Nader Philipos (Appellant)

v.

Attorney General of Canada (Respondent)

Indexed as: Philipos v. Canada (Attorney General)

Federal Court of Appeal, Stratas J.A.—Ottawa, March 9, 2016.

Practice — Principles, criteria governing granting of leave to resurrect, continue discontinued proceeding — Minister of Transport cancelling appellant’s transportation security clearance — Federal Court finding decision reasonable — Appellant appealing decision but discontinuing appeal soon afterward — Subsequently bringing motion seeking to resurrect, continue discontinued appeal — Whether motion should be granted — Only fundamental event striking at root of decision to discontinue warranting resurrection, continuation of discontinued proceeding — Court having to be satisfied that discontinued proceeding sought to be resurrected having reasonable prospect of success — Prejudice resulting from resurrected proceeding also needing to be considered — Appellant failing to show fundamental event striking at root of decision to discontinue; that appeal having reasonable prospect of success — Appeal destined to fail — Motion dismissed.

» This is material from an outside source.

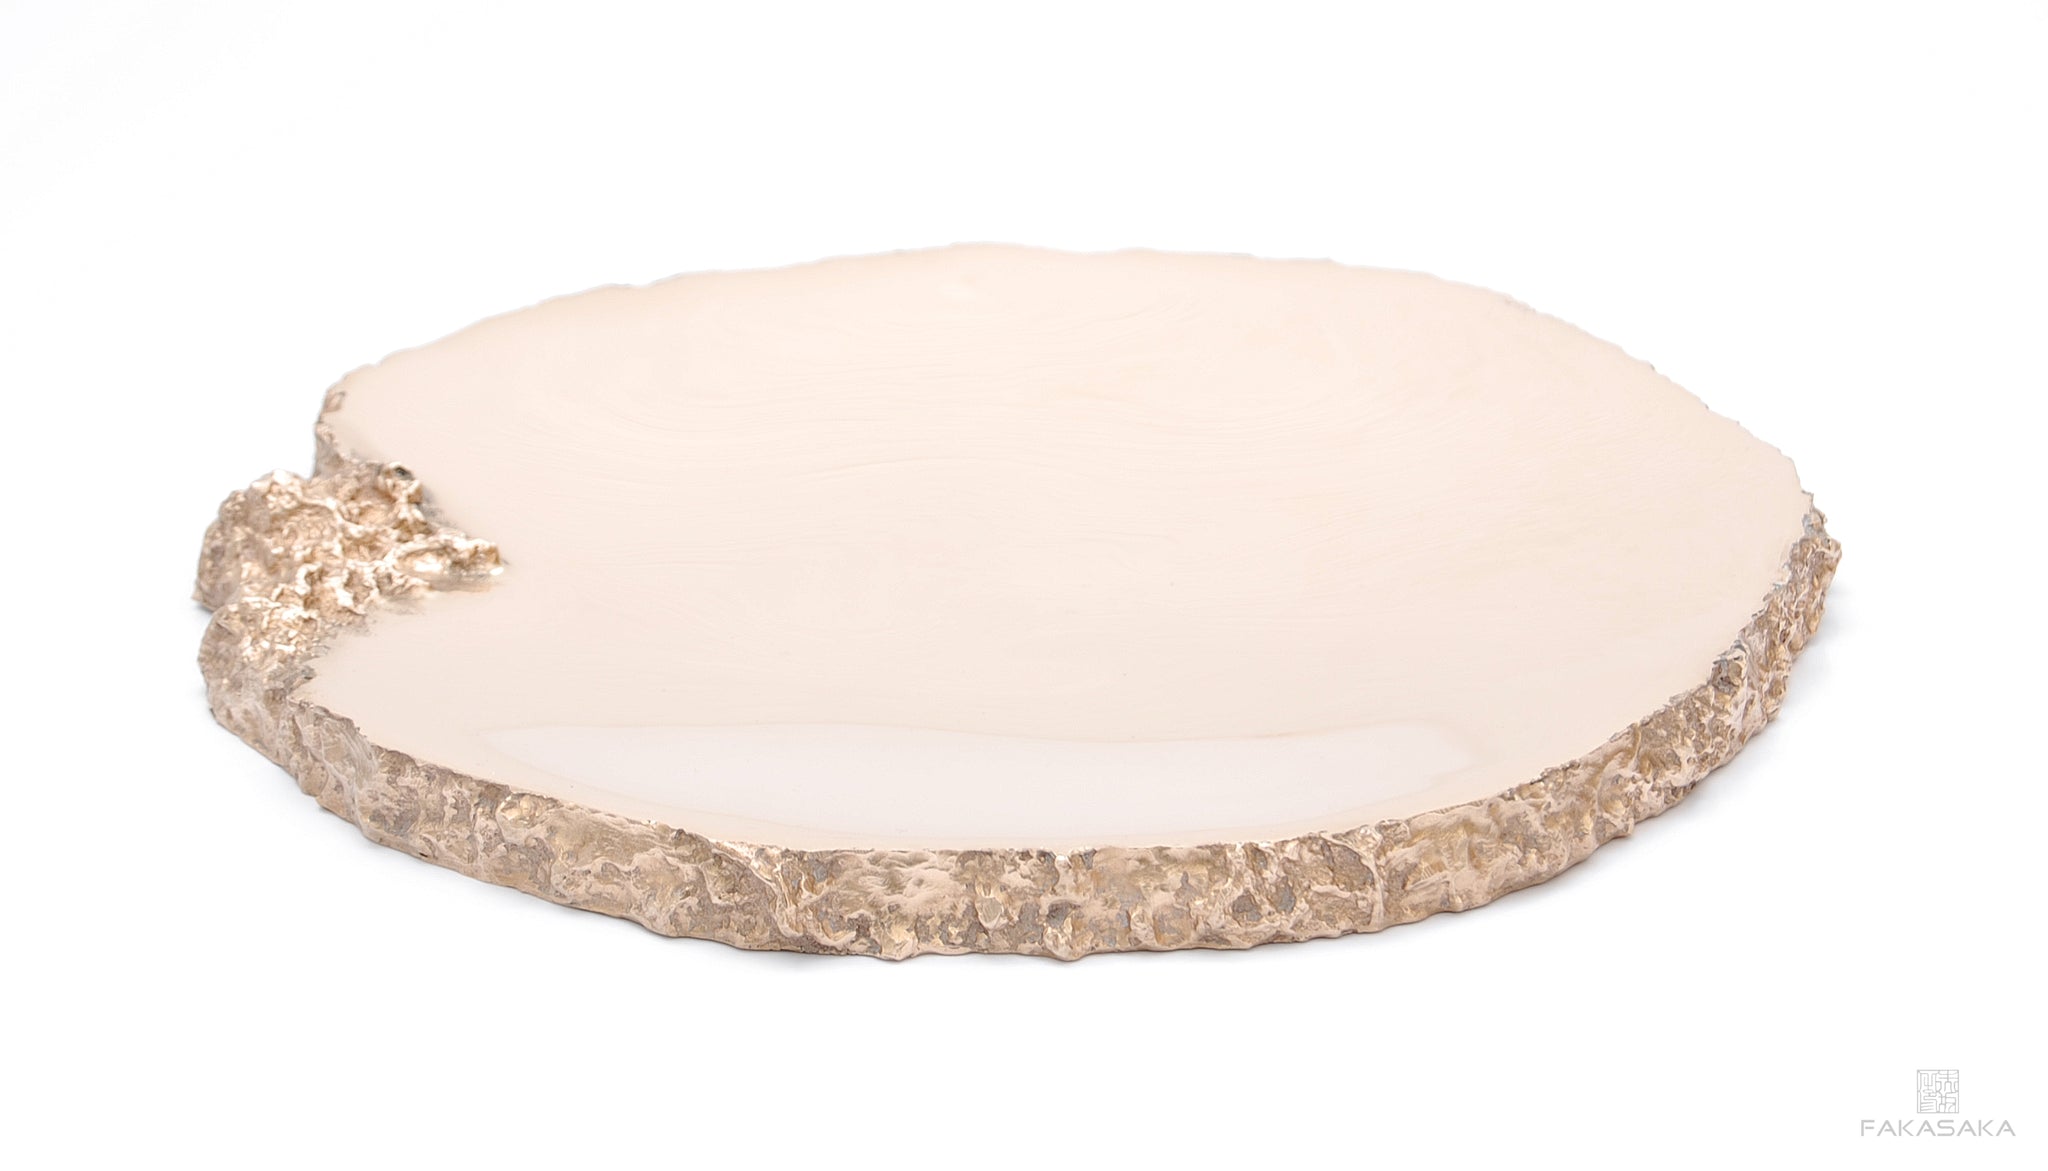 HOPE <br><br>ROUND TRAY / CENTERPIECE / CANDLE TRAY<br><br>POLISHED BRONZE

This was a motion by the appellant for an order allowing him to resurrect and continue a discontinued appeal.

Upon learning that the appellant had attempted to export long guns on a trip to Sudan, the Minister of Transport cancelled the appellant’s transportation security clearance to enter restricted areas at the Calgary International Airport. The Federal Court found the Minister’s decision to be reasonable. The appellant appealed that decision but discontinued his appeal soon afterward.

At issue was whether the motion should be granted. More specifically, what are the principles and criteria that ought to govern the granting of leave to resurrect and continue a discontinued proceeding.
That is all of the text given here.